* **Study material**:

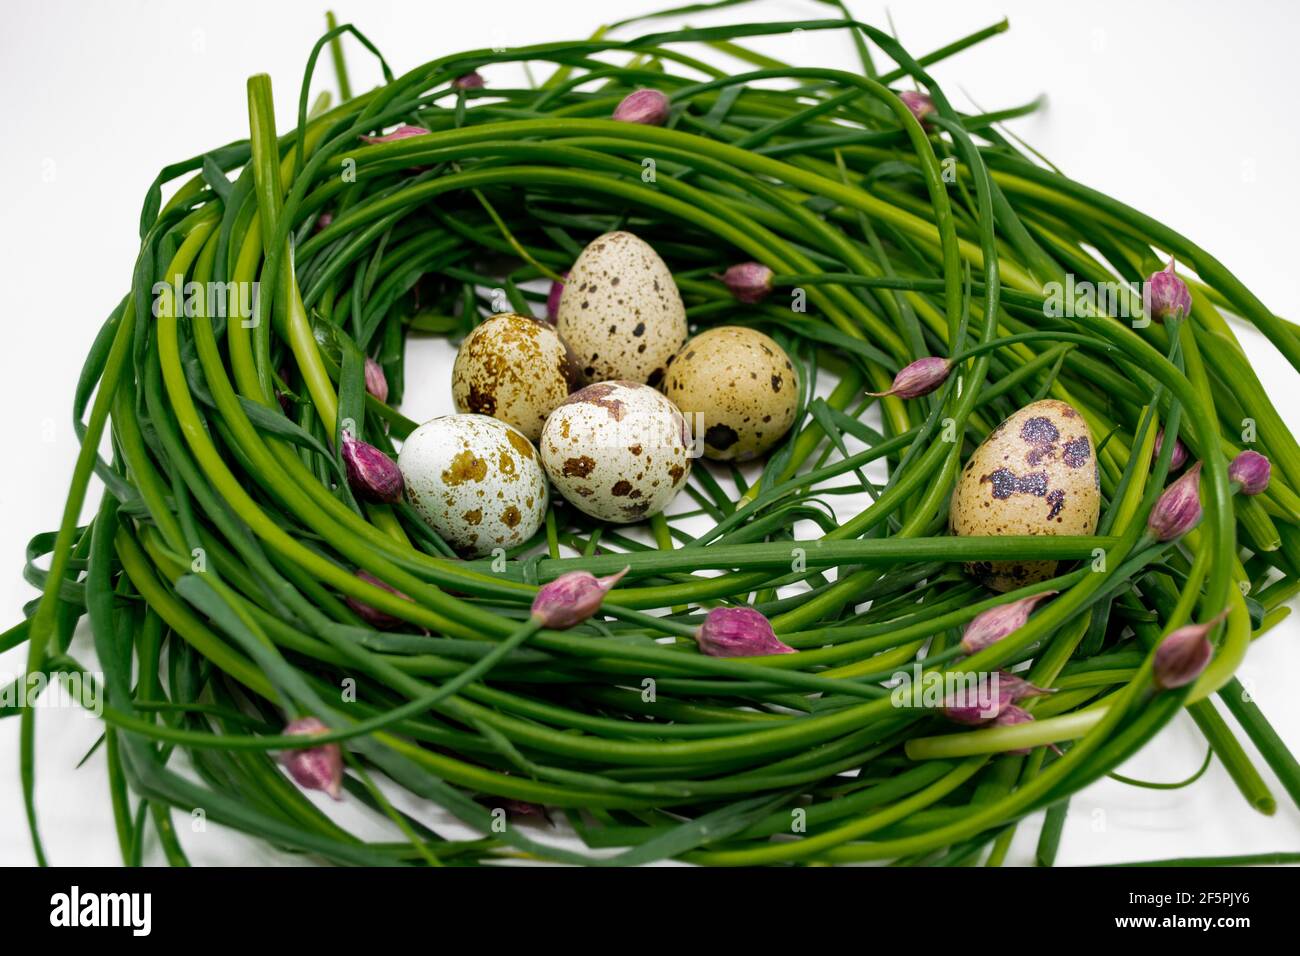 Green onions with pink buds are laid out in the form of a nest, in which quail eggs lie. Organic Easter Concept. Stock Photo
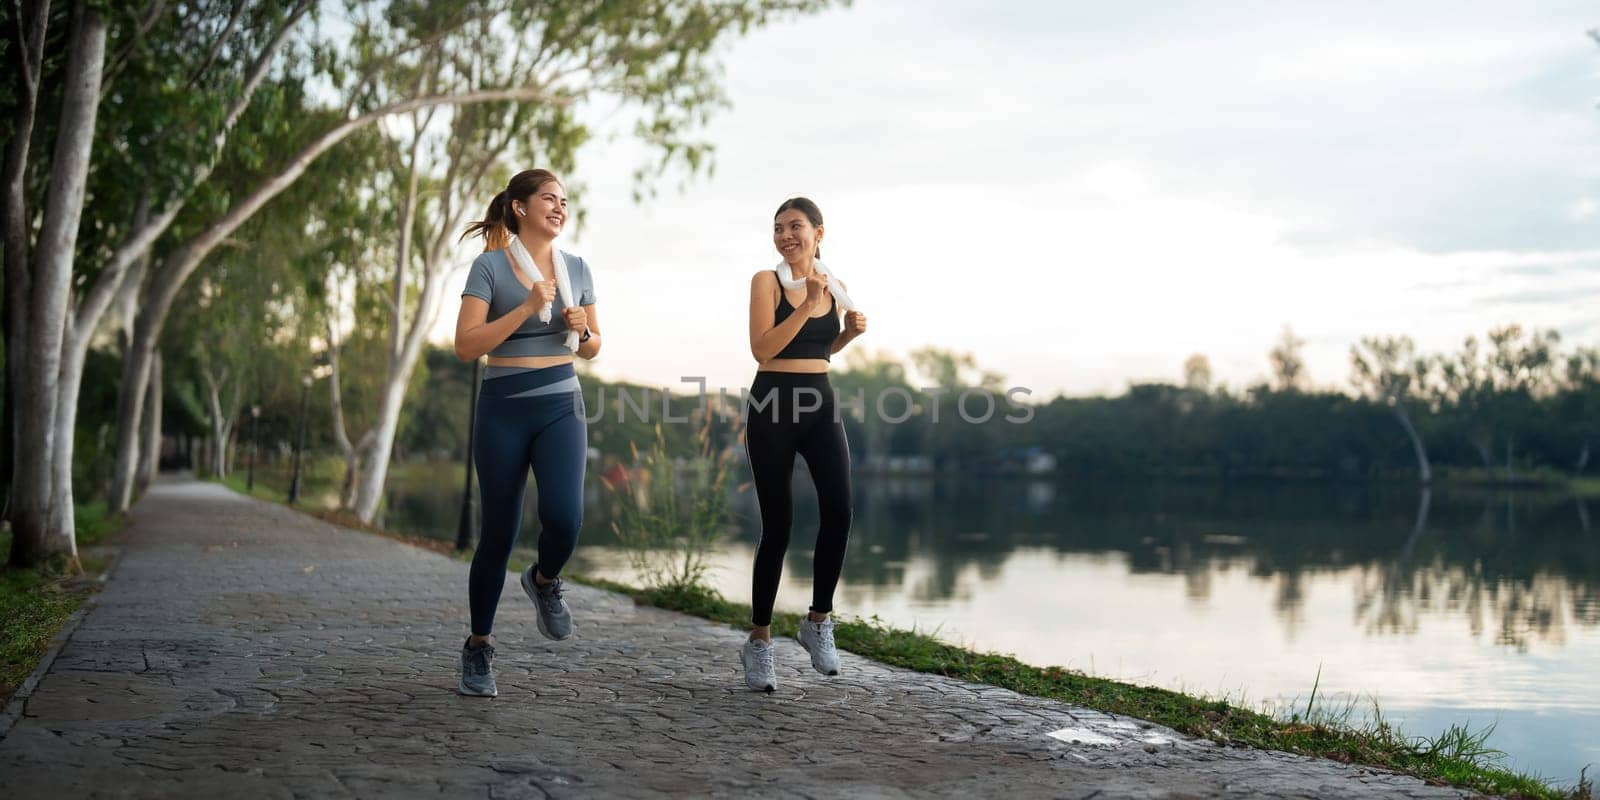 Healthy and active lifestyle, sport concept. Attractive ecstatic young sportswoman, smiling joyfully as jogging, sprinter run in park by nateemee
--
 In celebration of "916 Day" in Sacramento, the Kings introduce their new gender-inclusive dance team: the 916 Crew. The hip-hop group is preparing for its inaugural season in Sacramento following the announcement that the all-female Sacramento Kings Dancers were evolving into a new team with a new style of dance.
--
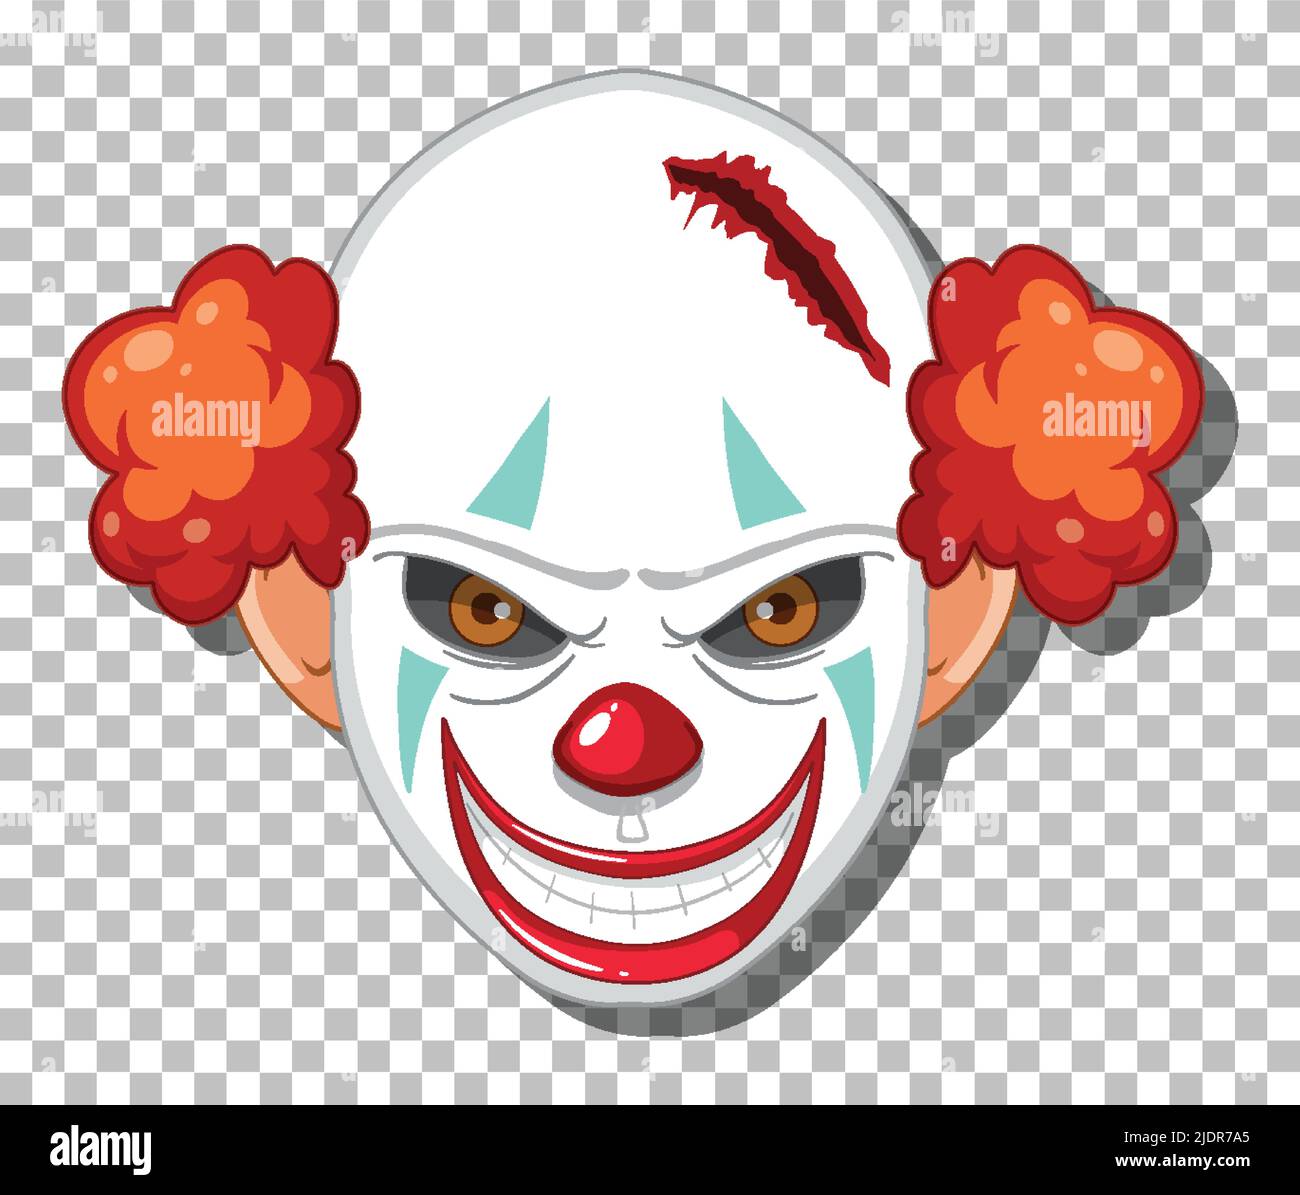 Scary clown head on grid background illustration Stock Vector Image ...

* **To do**: Copy exactly the material above from the line with "Green onions with" to the line with "Healthy and active", ends included, and nothing else. Leave out any picture.

* **Final answer**:
 Green onions with pink buds are laid out in the form of a nest, in which quail eggs lie. Organic Easter Concept. Stock Photo
 Healthy and active lifestyle, sport concept. Attractive ecstatic young sportswoman, smiling joyfully as jogging, sprinter run in park by nateemee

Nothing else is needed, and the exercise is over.